High-spirited yet with an undercurrent of trouble, the 35-minute piece to Mendlessohn’s early octet concludes the first of two distinct programmes of dances to classical string music, delivered live by the sumptuous Orion Quartet. On opening night, Spent Days Out Yonder ended before its take on Mozart could register, and the addition to Continuous Replay of spliced and diced Beethoven proved one play too many. Only D-Man’s music and movement were deeply mutually attuned.

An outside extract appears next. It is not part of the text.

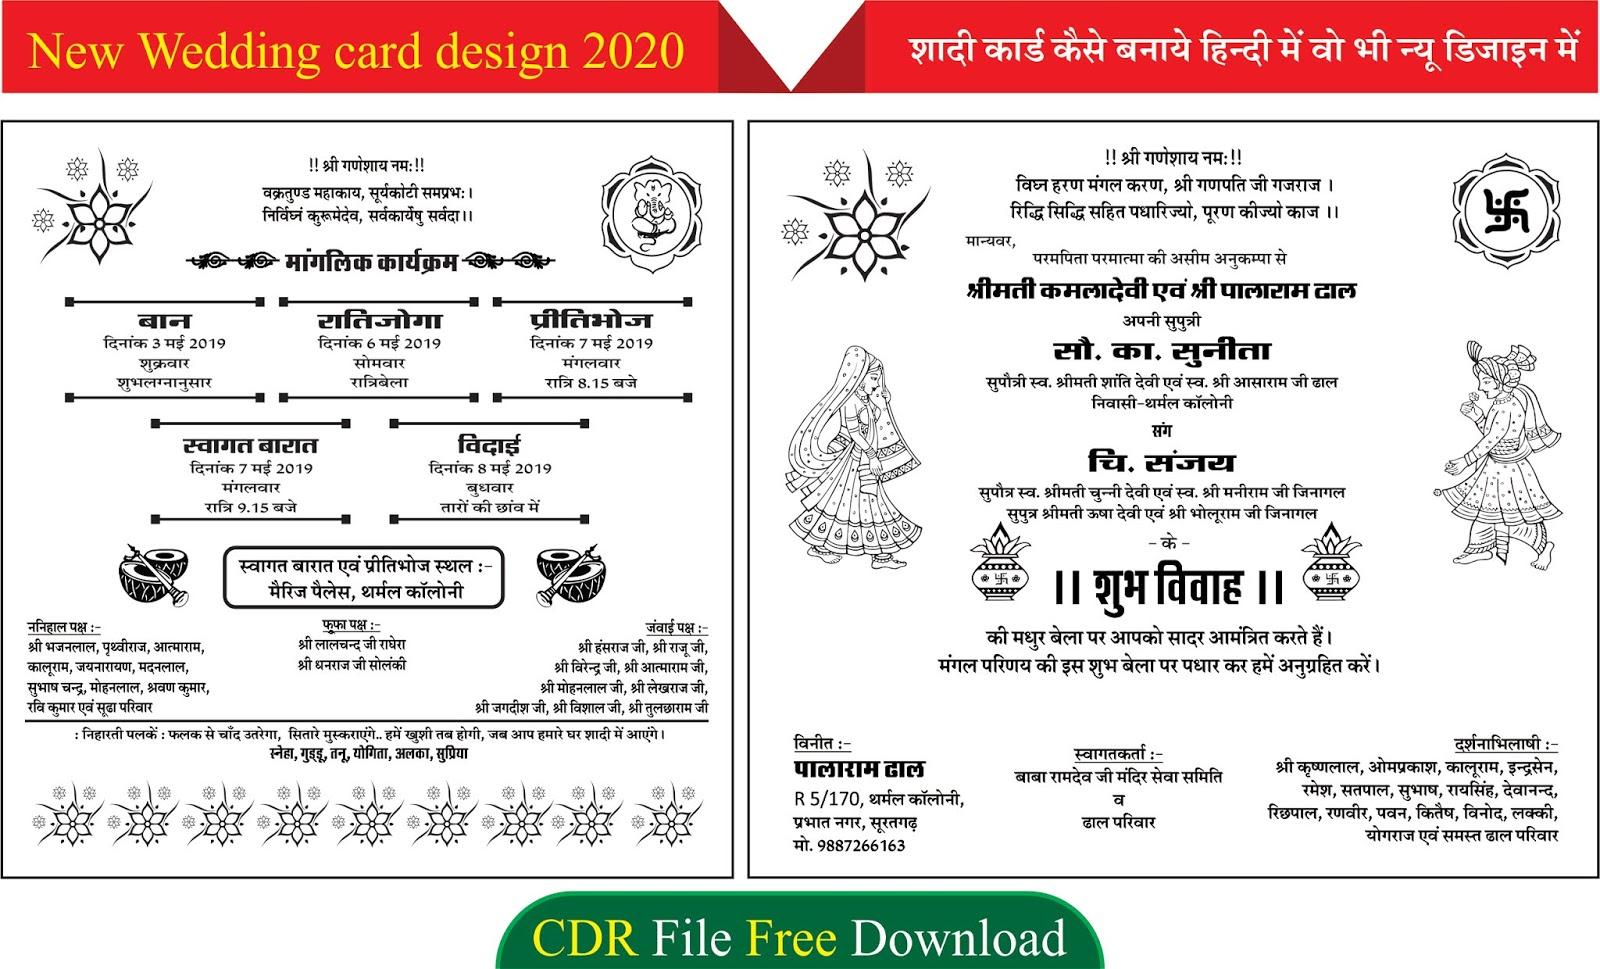 New Shadi Card Design Shadi Card Cdr File Download À¤¶ À¤¦ À¤• À¤° À¤¡ À¤• À¤¸ À¤¬à¤¨ À¤¯ 2 À¤® À¤¨à¤Ÿ À¤® Hindi Wedding Card Design Cdr File Free Download Ar Graphics Ar Graphics

Jones translates Mendelssohn’s youthful extremes – a rocking phrase finished off with an elaborate flourish, for example – as wide-eyed inventiveness: variations on a theme not only popping up all over the stage but announcing their make-believe status. The dancers do not dive into water, they do the steps that mean “dive into water” when the only resource is land. Unlike Paul Taylor’s playful and grand Esplanade, the steps are not found from daily life but made from the imagination, not God-given but willed. The dancers “doing the crawl” or tip-toeing like drag queens on a catwalk are not Everyman but the inimitable D-Man – Demian Acquavella in full, dead at age 32 a year after the dance debuted.
Jones presents him as a joker, a diva, a sensualist, a fighter, a pimp walker, a brother, a fairy and a free spirit. D-Man saw his life slipping away: there are passages in which the dancers sink on to their backs on the floor or open their arms to an emptiness a person used to fill. The costumes in camouflage signal deadly struggle. But D-Man remained an innocent.
Innocence is a tricky gambit – for an artist or anyone else – and Jones usually steers clear. But, as D-Man in the Waters reveals, to maintain that state after so much pain is a special form of grace.